GreenMoose · 26/08/2024 12:42

I'd like to get someone else pov.

DH and I have been married for 10 years and have 3 kids, all in primary school. I have been a SAHM for the past 9 years, and we have a part time cleaner that comes 12 hours a week, to do a deep clean, washing and ironing. This was at his insistence as he didn't want to spend time doing housework, and wasn't prepared to let him get away with doing nothing.

For the past few years DH has become increasingly ratty with me. Lots of eye rolling, shaking head etc when I ask him something. For example, when I asked what we should get my sister for her birthday his response was, 'Why are you asking me, I don't care. What did she get me?' There are lots of examples where a simple question is met with ambivalence, he just isn't interested.

This week we are on a family holiday, it's his first holiday this year and my third - they other two holidays were family trips with my parents and sisters, so I wouldn't count them as proper hols. I want to discuss a something this week, just about redecorating our house, and was told to plz STFU, as he was his only holiday.

I don't know where I stand. He is usually brilliant with the kids and very involved, but it's his lack of interest in the mundane aspect of life is starting to get very annoying. He feels I should have sole responsibility.

OP posts:
cupcaske123 · 26/08/2024 14:38

CharlotteRumpling · 26/08/2024 14:35

That's not what I meant at all. I talk about politics a lot. Clearly I have expressed myself badly.

In OP's case, her DH doesn't care about her sister. But she wants to be heard on the subject.

He needs to be clear and manly. He should write a list of acceptable topics and she should stick to them . Though no wittering! Straight to the point or he'll tell her to shut the fuck up and get him snacks.

CharlotteRumpling · 26/08/2024 14:39

Do give it a rest @cupcaske123 I have already said upthread that he has been unacceptably rude, if you read my posts. STFU is never acceptable to anyone.

StolenChanel · 26/08/2024 14:39

GreenMoose · 26/08/2024 13:43

Who do you think gets the kids ready and picks them up from school.

The 12 hours includes cleaning, washing and ironimg the clothes, cooking sometimes as well

You have to be trolling, surely? What on earth do you think working parents do either side of our jobs?
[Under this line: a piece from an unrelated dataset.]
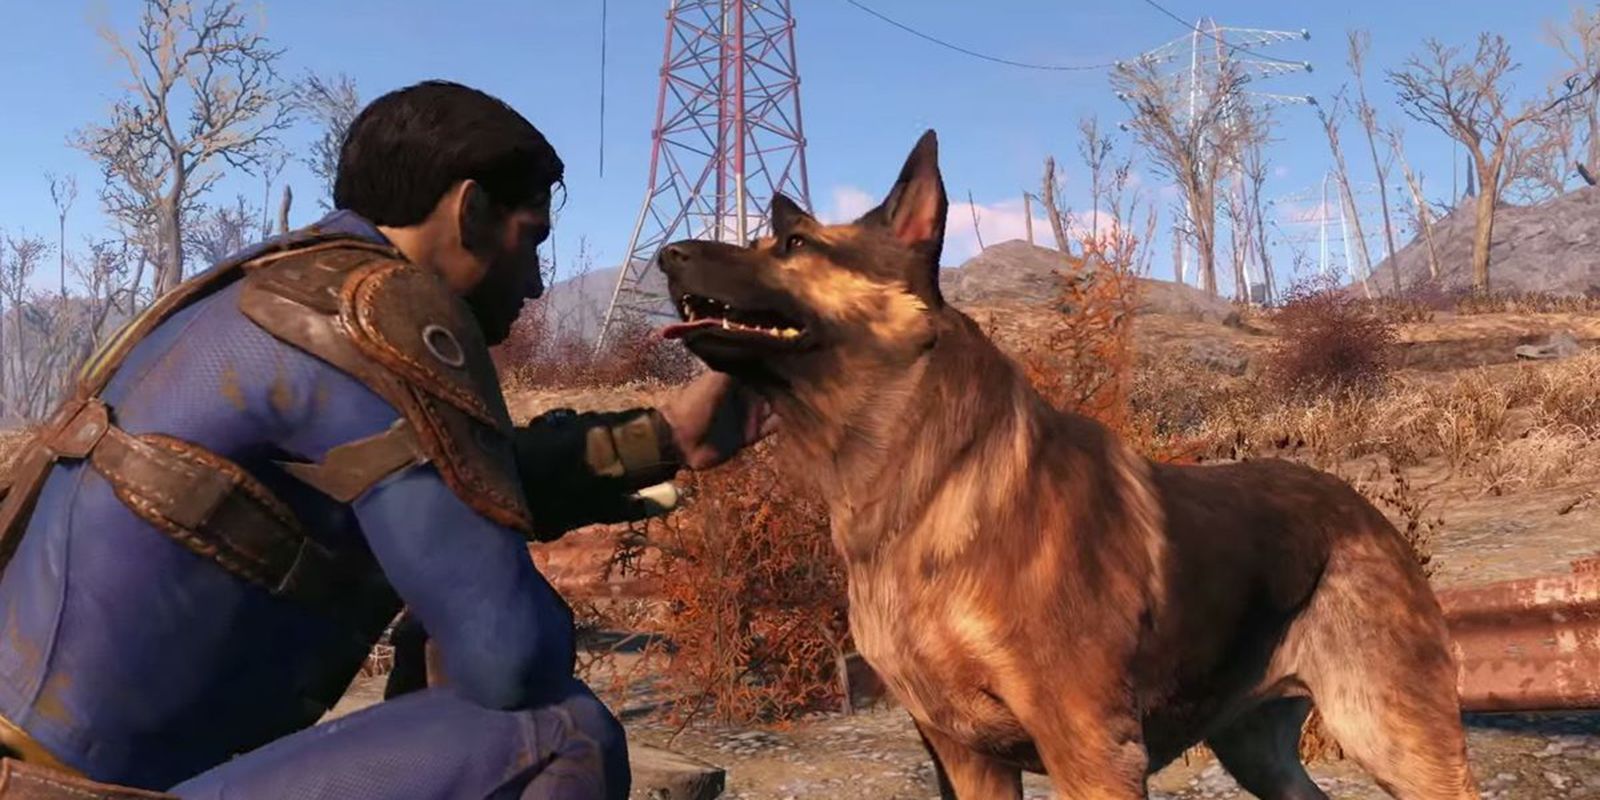 Fallout 4 player stroking the Dogmeat

Couldyounot · 26/08/2024 14:40

ModernHijabi · 26/08/2024 13:58

An exit plan with what money though?

His!

coldcallerbaiter · 26/08/2024 14:42

SadieDadie · 26/08/2024 13:48

This almost sounds like a troll. No self awareness at all. I'd lose all respect for someone who lived a lifestyle like this while I worked my arse off.

I think it is a troll too.

However, those saying they work full time and pickup/ drop off to school, how without after school club?

If OP did her own cleaning, errands and cooking/ironing and picks up from school at 3.30, then that is enough to be getting on with.

Crankyracoon · 26/08/2024 14:45

GreenMoose · 26/08/2024 13:43

Who do you think gets the kids ready and picks them up from school.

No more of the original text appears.